Asian Chicken Noodle Soup
A spicy Asian version of an old favorite.

Servings: 4
• 1 teaspoons olive oil
• 1 teaspoons Asian sesame oil
• 1 onion, chopped
• 2 ribs celery, cut into 1/4-inch slices
• 4 cloves garlic, smashed
• 1 1-inch piece fresh ginger, cut into thin slices
• 2 tablespoons chili powder
• 1/8 teaspoon dried red-pepper flakes
• 1 1/2 quarts canned fat-free chicken broth or homemade defatted stock
• 1 cup canned crushed tomatoes in thick puree
• 1 1/2 pounds boneless, skinless chicken thighs
• 3 tablespoons Asian fish sauce (nam pla or nuoc mam)
• 1 cup cilantro leaves plus 1/4 cup chopped cilantro (optional)
• 1 teaspoons salt or more to taste
• 1/2 pound Asian rice noodles, broken in small pieces *
• 1/2 head bok choy (about 1 pound), cut crosswise into 1/4-inch slices
• 1/4 cup lime juice (from about 2 limes)
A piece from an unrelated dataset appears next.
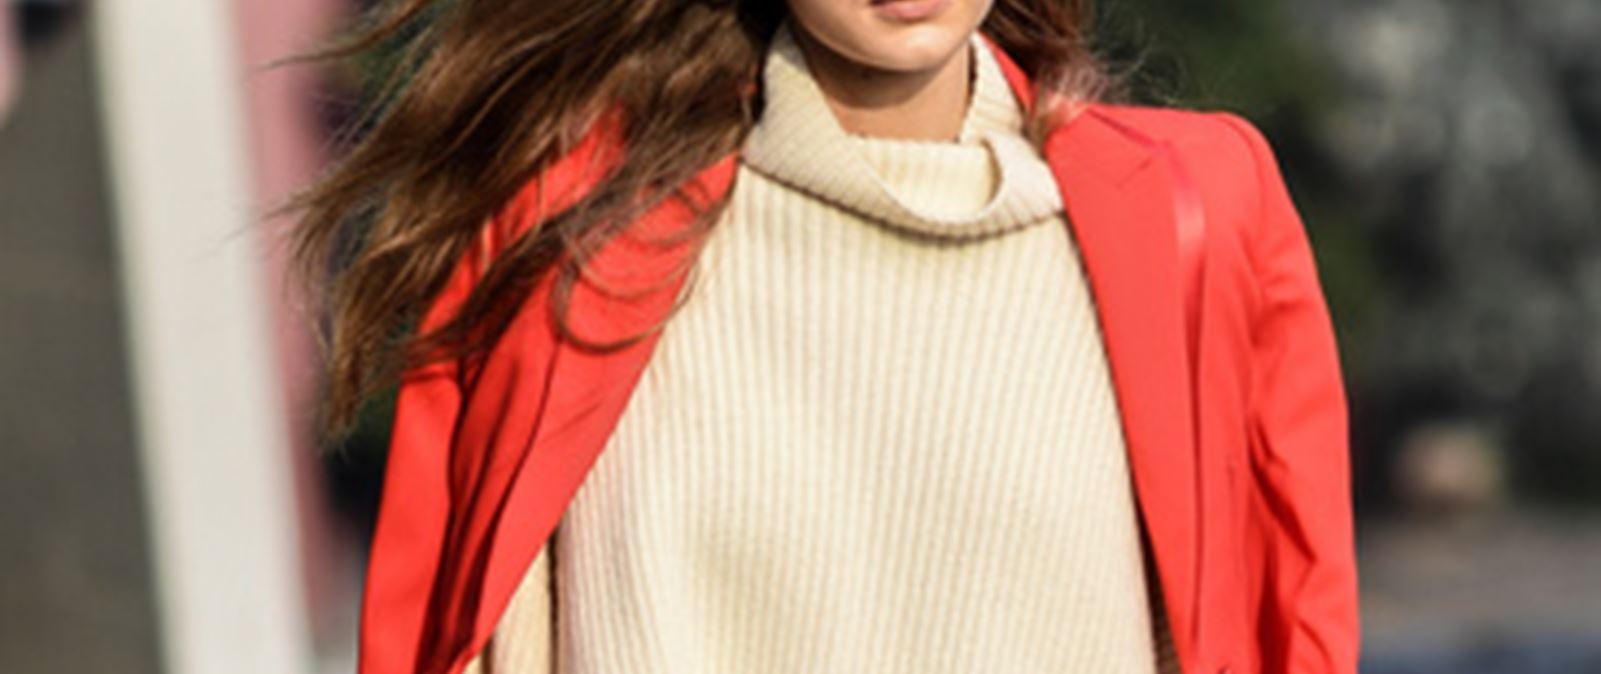 a812234b9e0a Κι όμως μπορείς να κάνεις τα φθαρμένα σου πουλόβερ να μοιάζουν σαν  καινούρια χωρίς κόστος

*Spaghetti is a good stand-in for Asian noodles, but if you can find rice noodles, by all means use them here.

In a large heavy nonstick pot, heat both oils over moderate heat. Add the onion, celery, garlic, ginger, chili powder, and red-pepper flakes. Cook, stirring occasionally, for 5 minutes.
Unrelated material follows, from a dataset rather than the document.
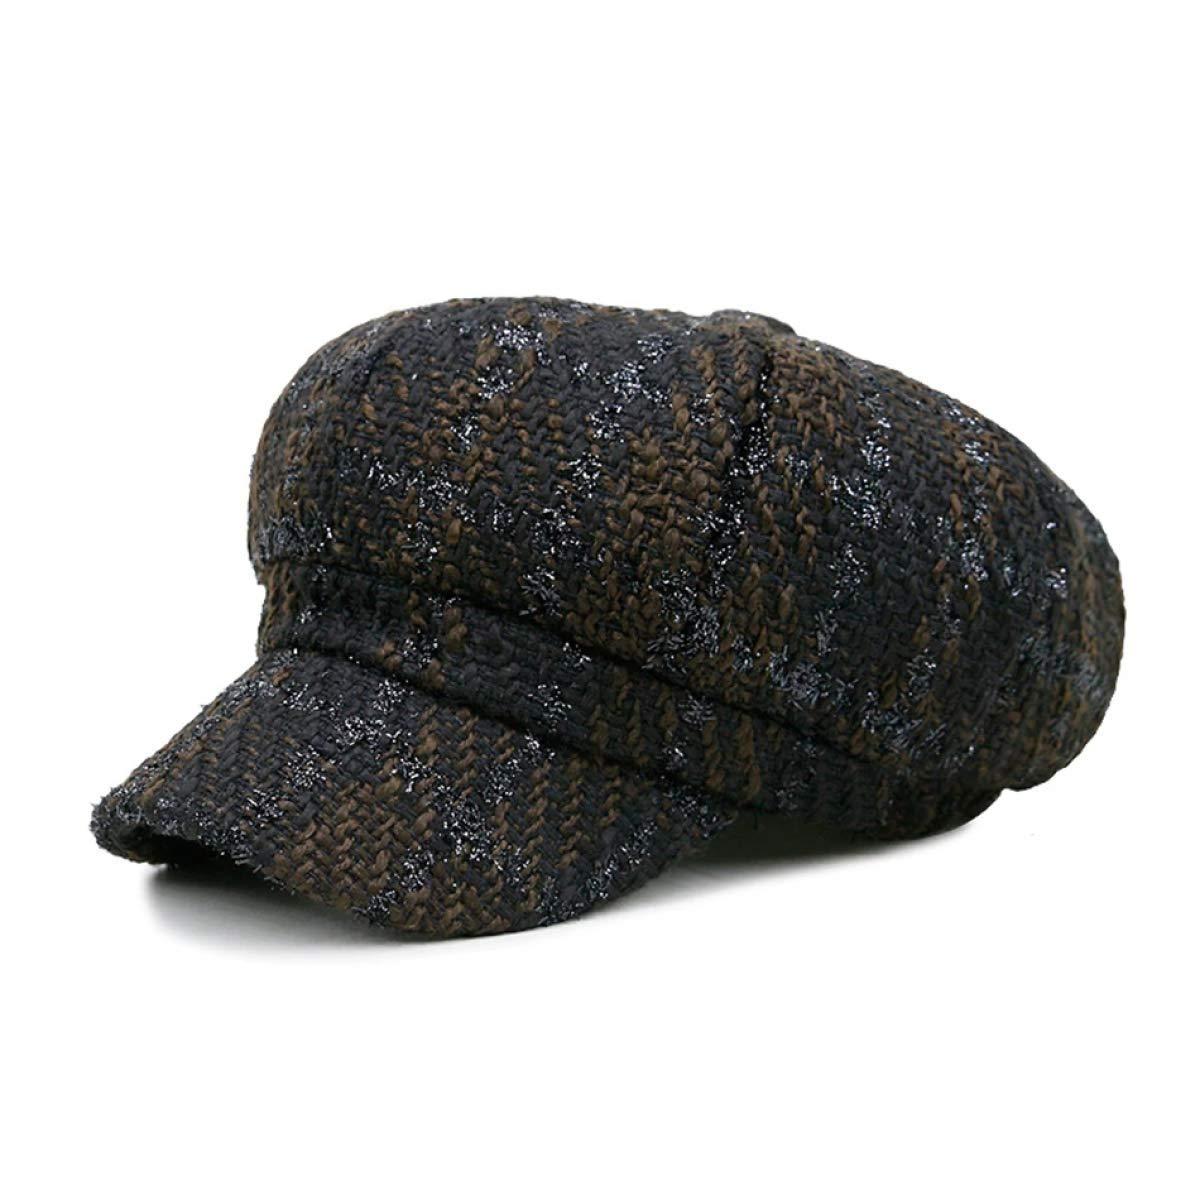 Baker boy Cap Newsboy Caps Women Spring Autumn Baker Boy Vintage Octagonal Cap Lady Hats Elastic Casual British Beret

Add the broth, tomatoes, chicken, fish sauce, cilantro leaves, if using, and the salt and bring to a simmer. Reduce the heat and simmer, covered, until the chicken is just done, about 15 minutes. Remove the chicken; when it is cool enough to handle, cut it into bite-size pieces. Continue cooking the soup for 15 minutes longer.

Meanwhile, in a large pot of boiling, salted water, cook the noodles until just done, about 9 minutes. Drain and add the pasta and the chicken to the soup.
Add the bok choy; bring back to a simmer. Cook until just done, about 1 minute. Stir in the lime juice and chopped cilantro, if using.

Per Serving: 433 Calories; 9g Fat (17.0% calories from fat); 2g Saturated Fat; 32g Protein; 70g Carbohydrate; 3g Dietary Fiber; 41mg Cholesterol; 1574mg Sodium. Exchanges: 3 1/2 Grain (Starch); 3 1/2 Lean Meat; 2 Vegetable; 0 Fruit; 1 Fat; 0 Other Carbohydrates.